OK, here goes first Eating Around The World (and England) post.
I am doing a double challange. Eating my way around the world (EAT)and eating my way around the counties of England (and I shall add a few from Ireland, Wales and Scotland) (EAT-UK). So the first recipe is Lancashire hotpot, because I live in Lancashire and I liked the look of the recipe featured on the crafykook website in her England post. The eating my way around England idea came from watching the hairy bikers tour of the UK cooking programme. I thought it was a good idea and needed a veggie version!
Lancashire Hotpot veggie style (based on this recipe, with a few changes)
1 tbsp vegetable oil such as rapeseed oil
1/2 white onion diced
2 small carrots, diced
1 sweet potato, diced
1 acorn squash diced (any root vegetable will do, I just used this as it was on the reduced rack, when I went shopping!)
1 can chopped tomatoes
1 can chickpeas (I used dried that I soaked overnight and then cooked for 90 mins to save money! I cook several batches at once and freeze the rest in tin size portions.)
1 can aduki beans (you can use any pulses, I just used these, as I got them some organic ones for 19p from a bargain shop!)

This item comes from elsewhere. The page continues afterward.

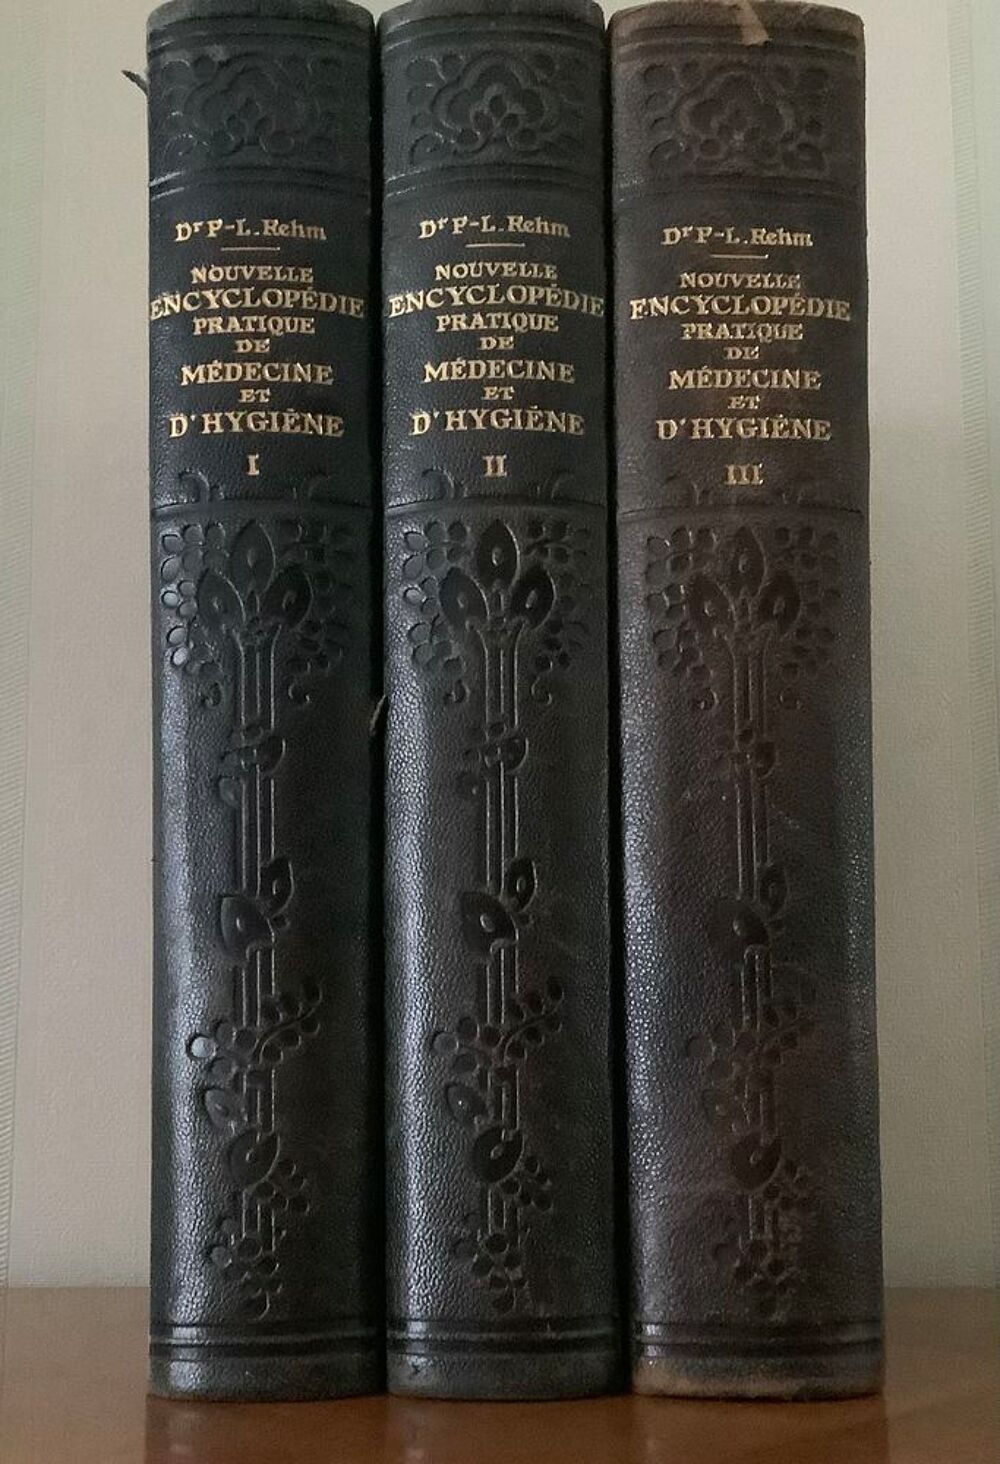 Encyclop&eacute;die de M&eacute;decine et d'Hygi&egrave;ne 1922 Livres et BD

dried mixed herbs and black pepper to taste
3 large potatoes steamed and sliced thinly
First I put the chopped veg and the potatoes on to steam, in separate steamer pans. The vegetables being in the bottom pan. I the fried the chopped onion in some rapeseed oil for a minute, then added a tbsp margarine and the steamed chopped vegetables and cooked for a further few minutes. When soft, I added the chickpeas, aduki beans and tinned tomatoes. Stir and add dried herbs and pepper to taste. Simmer until cooked. The potatoes should be cooked now, so take off the heat. You can put in a ovenproof dish and top with potato slices and grill and then serve from this dish. If doing this, dot with margarine and season with pepper as you lay the slices on. I don't bother with this personally, just more washing up! I just serve the veg and top with the potato slices and serve with vegetables and gravy.